On a personal level Ingleby-McKenzie’s enormous appetite for the single life precluded marriage for many years, but he was finally ‘caught’ in 1975 by divorcee Susan Stormonth-Darling, known as ‘Storms’. The couple had a daughter of their own to add to the three sons and a daughter Storms had from her first marriage.
Once his workload at HSBC reduced Ingleby-McKenzie took on the task of cricket manager for the wealthy cricket loving philanthropist Sir Paul Getty. Between 1996 and 1998 he was President of the MCC. The club is not, of course, always noted for its dynamism, but Ingleby-McKenzie presided over a period of great upheaval. First of all there was the new media centre, which was approved during his tenure. More dramatically the club finally agreed to admit women as members, a change that had long been resisted but for which Ingleby-McKenzie had actively campaigned. Celebrating the decision Ingleby-Mackenzie made the splendid if somewhat politically incorrect comment, women are a very fine species. It was undoubtedly a good thing that an aside to former England and Glamorgan skipper Tony Lewis did not reach such a wide audience. After the first ten ladies received their memberships Ingleby-McKenzie whispered to Lewis perhaps we should have inspected the merchandise first.

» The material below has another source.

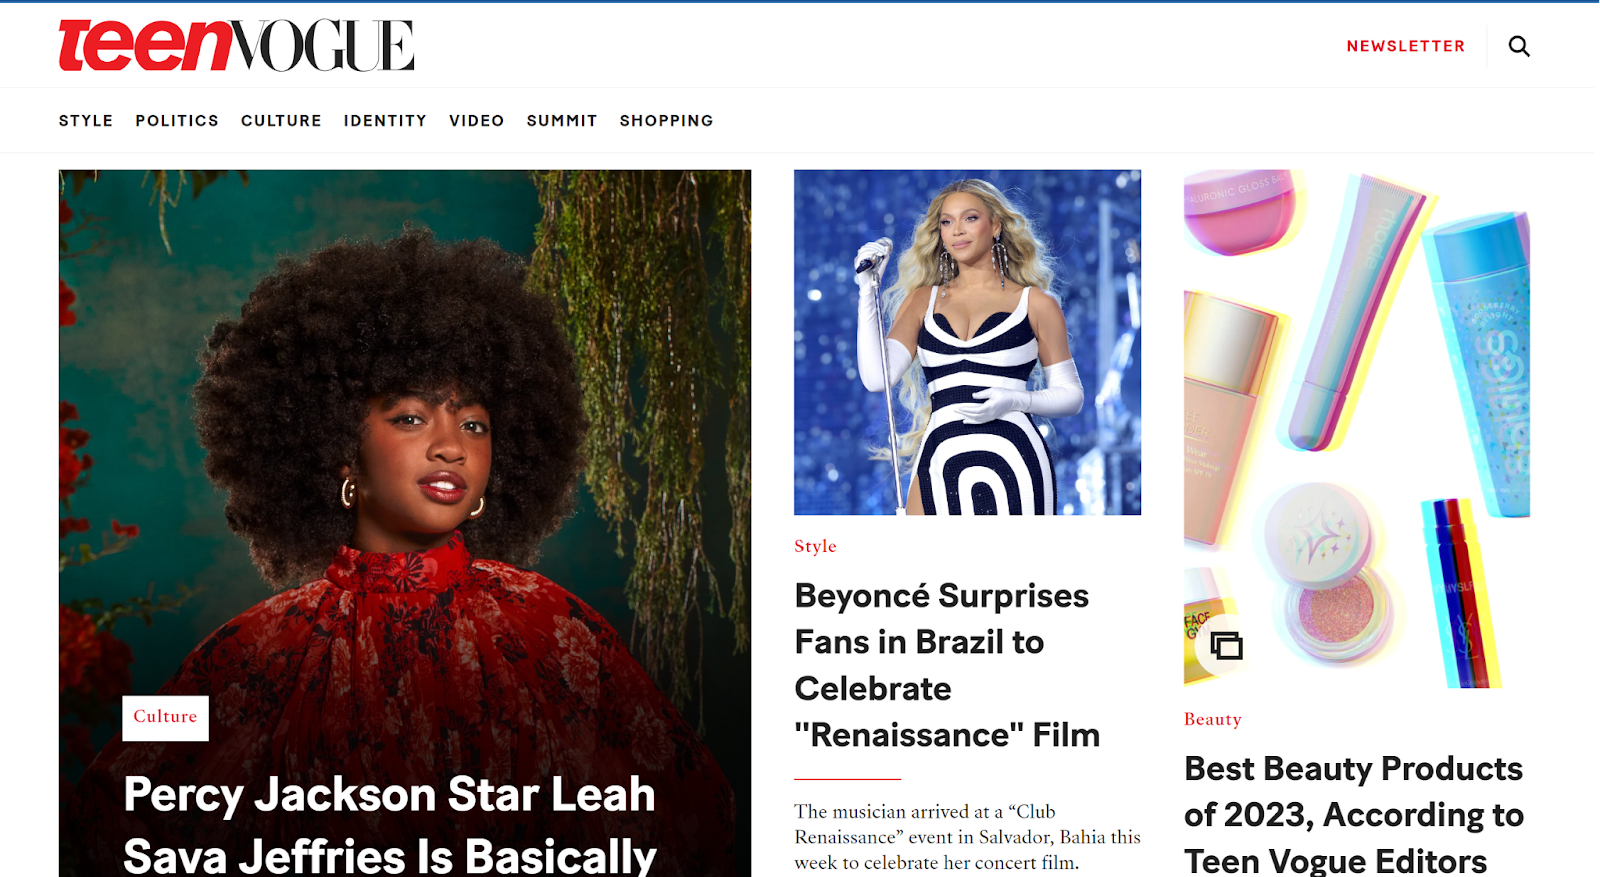 Teen Vogue features content for cultural topics, social issues, politics and much more.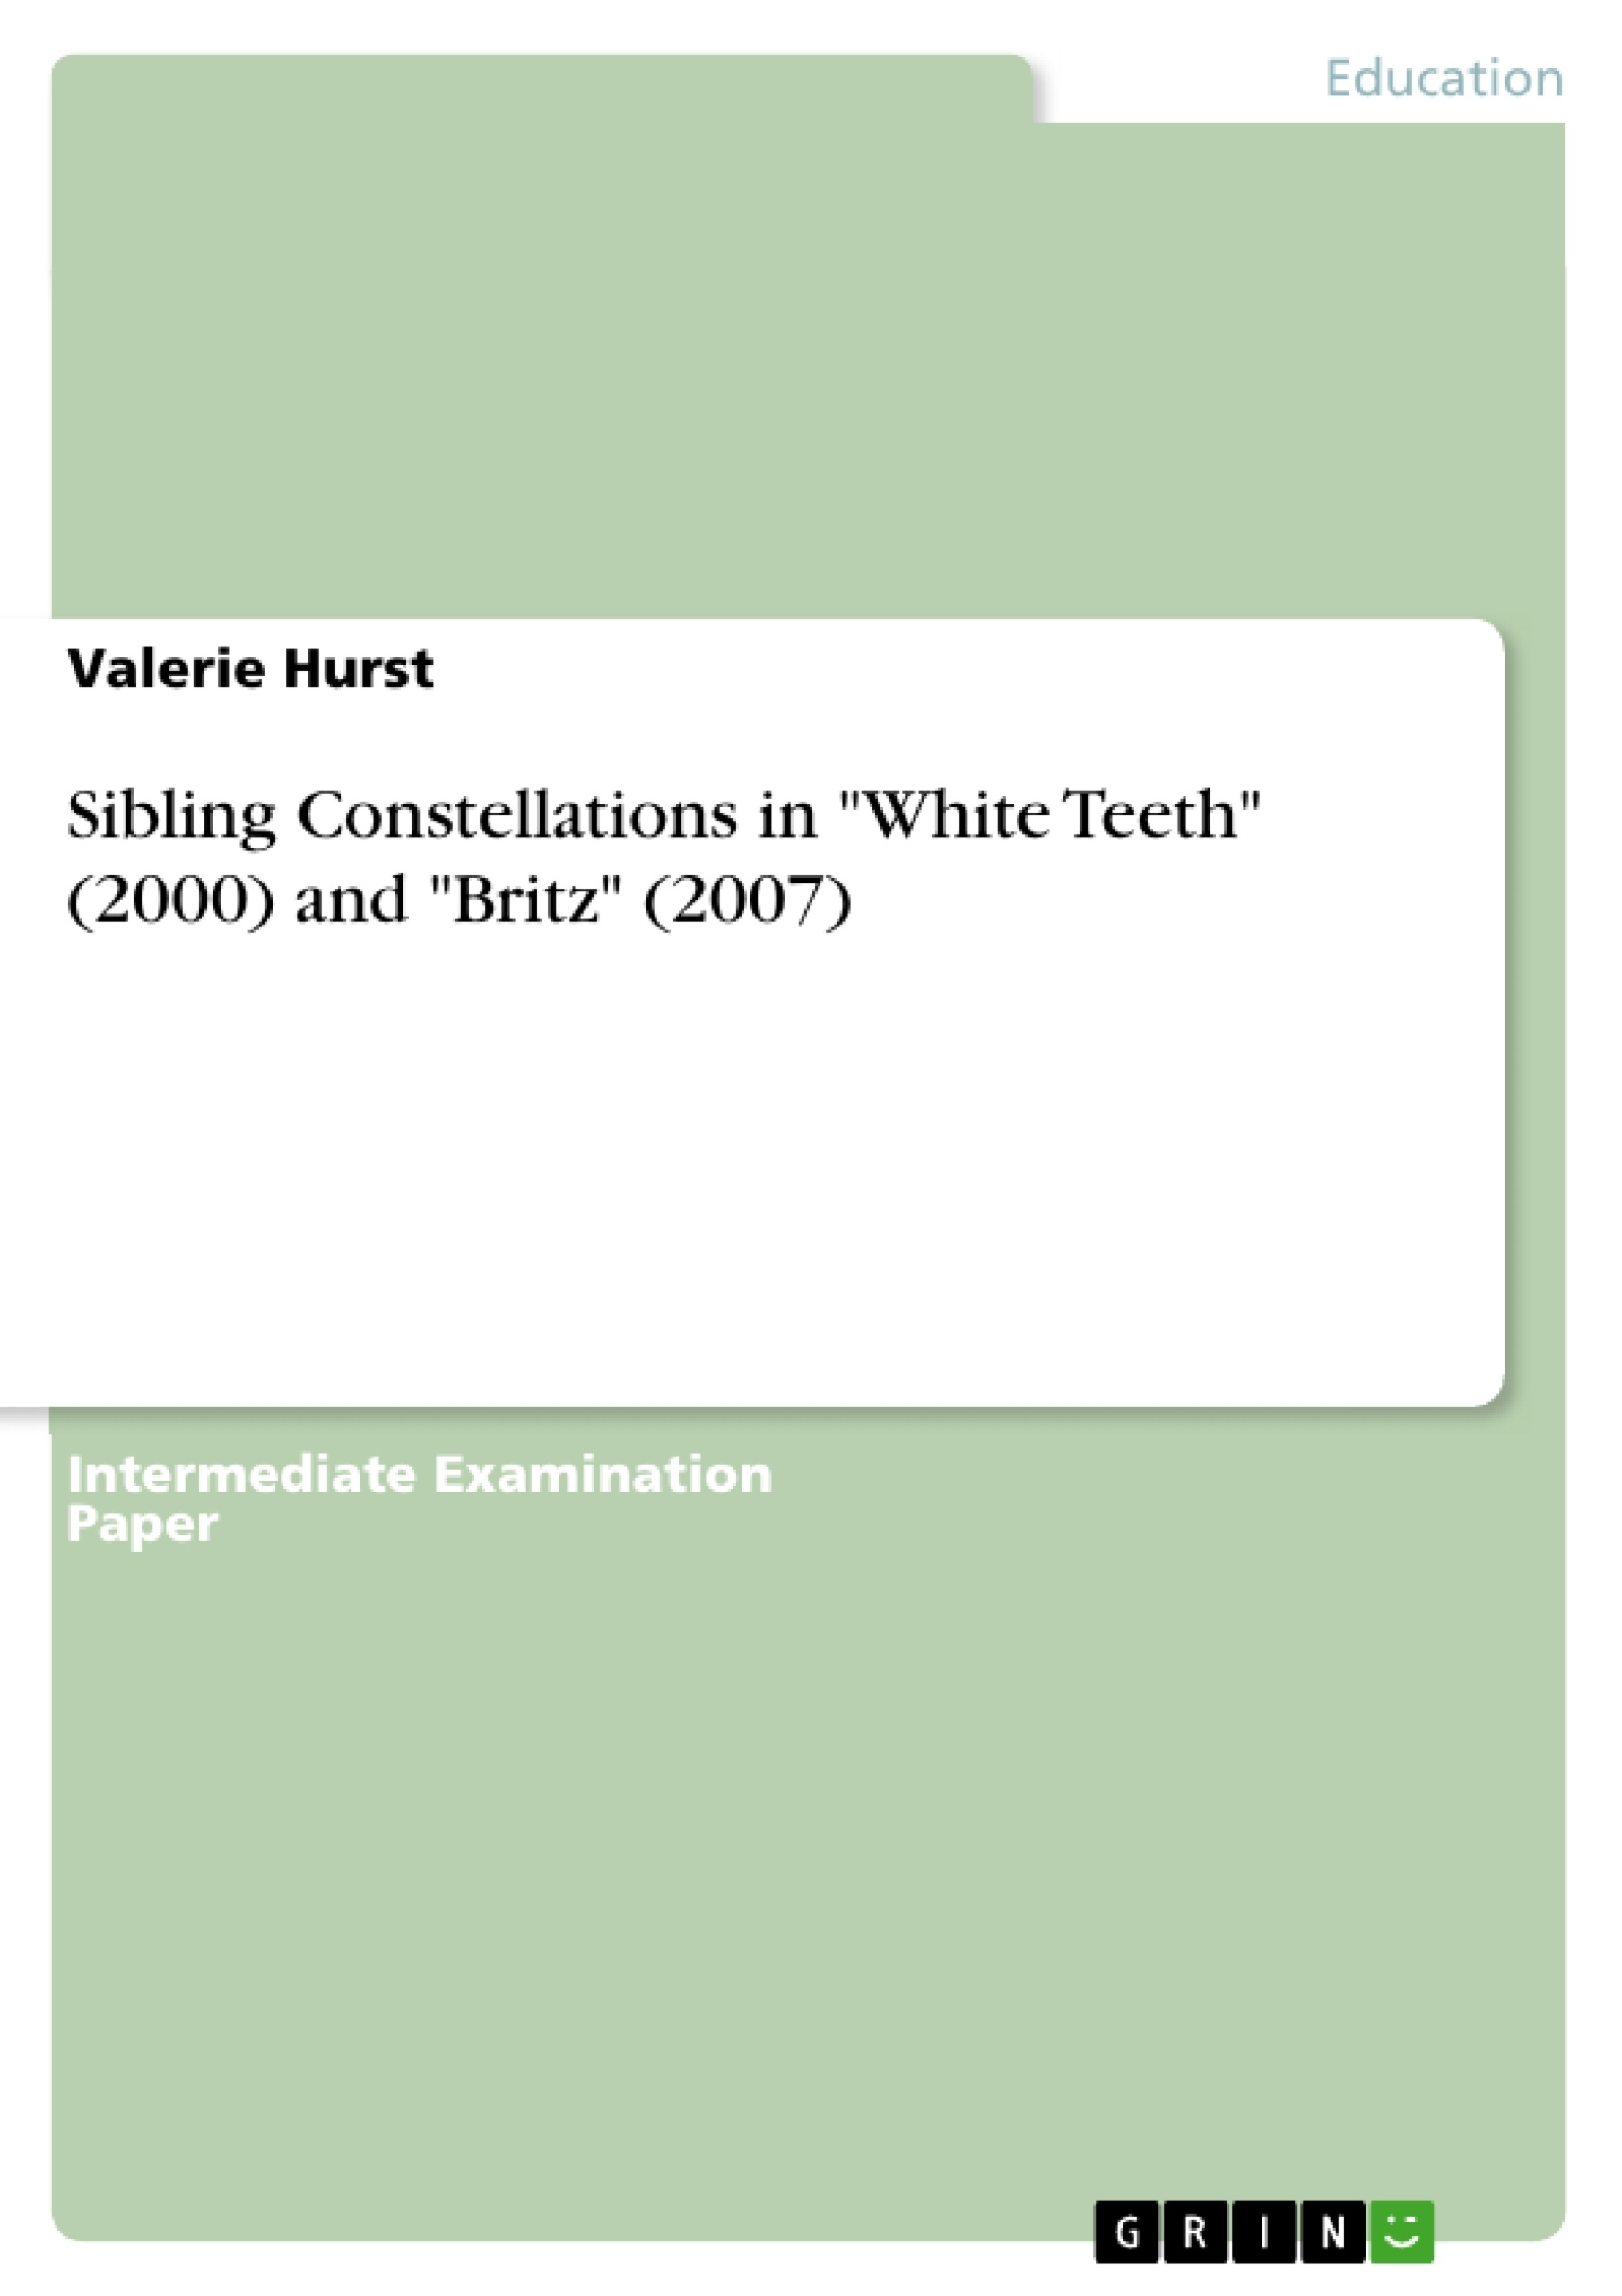 Titel: Sibling Constellations in "White Teeth" (2000) and "Britz" (2007)

Advancing years do not seem to have slowed Ingleby-McKenzie to any great extent. In 2000 he became the captain of Sunningdale Golf Club, and in 2002 the president of Hampshire. A lasting tribute to the first man to lead them to the County Championship is the Colin Ingleby-Mackenzie stand at the Ageas Bowl. In 2005, a year in which Ingleby-McKenzie was awarded the OBE, he was present at Lord’s in September to help Hampshire celebrate lifting the Cheltenham and Gloucester Trophy. Sadly it was a last hurrah as a few weeks later a malignant brain tumour was diagnosed, and the condition claimed Ingleby-Mackenzie on 9 March 2006. He was 74.
It was inevitable after the abolition of the distinction between amateur and professional that the traditional gentleman amateur had had his day, but by then Ingleby-McKenzie, with his oft quoted mantra of entertain or perish was already a throwback to a bygone age. Perhaps surprisingly in view of his background he seems to have been almost universally liked and respected, the only person I have found who has uttered any real criticism being the Countess of Lucan.